▶ _Assignment_
Extract every line below that contains the word "Plus".

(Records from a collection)
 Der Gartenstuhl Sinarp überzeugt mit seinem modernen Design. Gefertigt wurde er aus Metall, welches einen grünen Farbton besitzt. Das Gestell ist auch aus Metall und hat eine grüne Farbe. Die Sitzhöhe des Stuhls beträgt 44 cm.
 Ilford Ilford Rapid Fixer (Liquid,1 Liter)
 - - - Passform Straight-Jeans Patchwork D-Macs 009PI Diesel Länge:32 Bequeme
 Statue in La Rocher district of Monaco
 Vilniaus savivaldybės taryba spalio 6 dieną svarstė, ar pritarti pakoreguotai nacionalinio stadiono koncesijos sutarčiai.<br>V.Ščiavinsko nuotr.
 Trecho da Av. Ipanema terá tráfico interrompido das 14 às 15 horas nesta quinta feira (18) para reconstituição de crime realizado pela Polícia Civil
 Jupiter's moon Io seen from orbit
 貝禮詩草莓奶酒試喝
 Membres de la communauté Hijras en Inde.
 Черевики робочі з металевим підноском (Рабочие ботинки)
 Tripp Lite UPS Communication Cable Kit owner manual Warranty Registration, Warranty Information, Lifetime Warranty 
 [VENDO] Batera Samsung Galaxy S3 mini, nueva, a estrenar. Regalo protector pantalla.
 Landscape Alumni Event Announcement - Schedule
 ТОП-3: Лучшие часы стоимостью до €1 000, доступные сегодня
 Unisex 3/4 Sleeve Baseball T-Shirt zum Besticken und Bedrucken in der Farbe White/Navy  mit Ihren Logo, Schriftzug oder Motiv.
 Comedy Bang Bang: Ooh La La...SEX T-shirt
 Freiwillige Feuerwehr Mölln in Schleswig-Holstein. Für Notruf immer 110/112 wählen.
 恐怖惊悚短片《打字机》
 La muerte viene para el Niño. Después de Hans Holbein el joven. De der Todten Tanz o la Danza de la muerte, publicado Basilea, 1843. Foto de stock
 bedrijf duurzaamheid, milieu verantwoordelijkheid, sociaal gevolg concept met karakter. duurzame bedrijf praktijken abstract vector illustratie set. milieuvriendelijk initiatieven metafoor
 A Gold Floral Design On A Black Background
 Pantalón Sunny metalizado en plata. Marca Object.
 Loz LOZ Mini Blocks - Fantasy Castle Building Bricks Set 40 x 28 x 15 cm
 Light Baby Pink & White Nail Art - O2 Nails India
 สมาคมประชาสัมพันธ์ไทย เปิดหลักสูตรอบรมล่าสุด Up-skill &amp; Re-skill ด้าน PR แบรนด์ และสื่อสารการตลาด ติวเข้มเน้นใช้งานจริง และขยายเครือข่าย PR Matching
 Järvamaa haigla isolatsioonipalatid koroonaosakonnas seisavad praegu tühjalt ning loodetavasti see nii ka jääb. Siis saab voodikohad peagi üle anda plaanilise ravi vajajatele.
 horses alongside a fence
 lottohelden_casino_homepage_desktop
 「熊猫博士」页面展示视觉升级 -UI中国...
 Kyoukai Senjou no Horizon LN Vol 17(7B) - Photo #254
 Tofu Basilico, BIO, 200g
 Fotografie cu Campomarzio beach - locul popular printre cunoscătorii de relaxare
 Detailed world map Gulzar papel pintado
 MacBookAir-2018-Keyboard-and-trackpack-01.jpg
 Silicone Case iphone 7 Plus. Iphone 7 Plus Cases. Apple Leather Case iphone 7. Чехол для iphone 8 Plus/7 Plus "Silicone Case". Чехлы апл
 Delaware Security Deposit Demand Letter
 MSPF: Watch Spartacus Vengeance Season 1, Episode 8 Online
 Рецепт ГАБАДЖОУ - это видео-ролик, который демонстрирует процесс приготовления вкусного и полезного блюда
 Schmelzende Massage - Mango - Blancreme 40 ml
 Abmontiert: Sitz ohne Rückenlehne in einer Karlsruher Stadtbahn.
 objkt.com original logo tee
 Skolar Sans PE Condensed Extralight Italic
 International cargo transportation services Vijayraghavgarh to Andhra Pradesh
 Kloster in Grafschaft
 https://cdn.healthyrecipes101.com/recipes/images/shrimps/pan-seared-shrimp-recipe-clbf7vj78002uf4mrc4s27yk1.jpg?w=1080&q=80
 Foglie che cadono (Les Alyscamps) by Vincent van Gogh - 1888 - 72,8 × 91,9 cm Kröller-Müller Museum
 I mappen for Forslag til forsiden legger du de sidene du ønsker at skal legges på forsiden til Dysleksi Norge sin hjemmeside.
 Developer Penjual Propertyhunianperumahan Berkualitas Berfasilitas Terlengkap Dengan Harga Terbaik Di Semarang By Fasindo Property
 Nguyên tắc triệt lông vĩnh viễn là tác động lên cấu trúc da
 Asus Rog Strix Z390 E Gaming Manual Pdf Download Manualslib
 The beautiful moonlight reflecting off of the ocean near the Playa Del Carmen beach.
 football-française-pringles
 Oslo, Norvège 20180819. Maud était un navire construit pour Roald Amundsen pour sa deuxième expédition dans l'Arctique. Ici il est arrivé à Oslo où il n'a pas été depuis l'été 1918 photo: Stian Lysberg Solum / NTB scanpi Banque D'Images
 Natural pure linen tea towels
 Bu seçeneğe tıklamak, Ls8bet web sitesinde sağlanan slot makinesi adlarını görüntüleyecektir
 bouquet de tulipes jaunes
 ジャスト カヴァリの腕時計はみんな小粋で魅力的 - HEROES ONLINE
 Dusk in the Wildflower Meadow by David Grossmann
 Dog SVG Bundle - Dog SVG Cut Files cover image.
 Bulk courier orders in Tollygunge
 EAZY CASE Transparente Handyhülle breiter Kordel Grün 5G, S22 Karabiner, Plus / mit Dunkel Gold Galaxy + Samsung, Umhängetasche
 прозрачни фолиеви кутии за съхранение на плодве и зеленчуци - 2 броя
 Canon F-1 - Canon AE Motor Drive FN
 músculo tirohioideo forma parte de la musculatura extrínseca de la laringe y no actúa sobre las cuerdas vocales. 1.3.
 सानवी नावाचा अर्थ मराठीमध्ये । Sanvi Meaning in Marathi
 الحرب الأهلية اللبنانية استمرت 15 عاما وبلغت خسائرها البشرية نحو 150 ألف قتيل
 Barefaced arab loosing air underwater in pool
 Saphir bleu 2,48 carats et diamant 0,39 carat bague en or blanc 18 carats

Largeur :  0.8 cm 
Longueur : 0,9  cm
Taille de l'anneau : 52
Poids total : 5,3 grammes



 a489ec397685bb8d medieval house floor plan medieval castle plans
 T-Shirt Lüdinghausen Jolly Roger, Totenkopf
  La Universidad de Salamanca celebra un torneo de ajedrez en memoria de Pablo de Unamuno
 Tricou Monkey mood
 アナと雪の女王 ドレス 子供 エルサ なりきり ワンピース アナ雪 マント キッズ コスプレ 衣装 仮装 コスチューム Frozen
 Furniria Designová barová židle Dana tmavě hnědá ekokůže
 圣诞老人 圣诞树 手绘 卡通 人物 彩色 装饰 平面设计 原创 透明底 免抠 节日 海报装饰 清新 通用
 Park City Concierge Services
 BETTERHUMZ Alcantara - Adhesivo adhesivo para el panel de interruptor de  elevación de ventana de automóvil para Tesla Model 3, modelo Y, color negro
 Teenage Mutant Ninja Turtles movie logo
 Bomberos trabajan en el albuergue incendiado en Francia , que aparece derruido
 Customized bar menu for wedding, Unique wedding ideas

▶ _Exercise output_
 Silicone Case iphone 7 Plus. Iphone 7 Plus Cases. Apple Leather Case iphone 7. Чехол для iphone 8 Plus/7 Plus "Silicone Case". Чехлы апл
 EAZY CASE Transparente Handyhülle breiter Kordel Grün 5G, S22 Karabiner, Plus / mit Dunkel Gold Galaxy + Samsung, Umhängetasche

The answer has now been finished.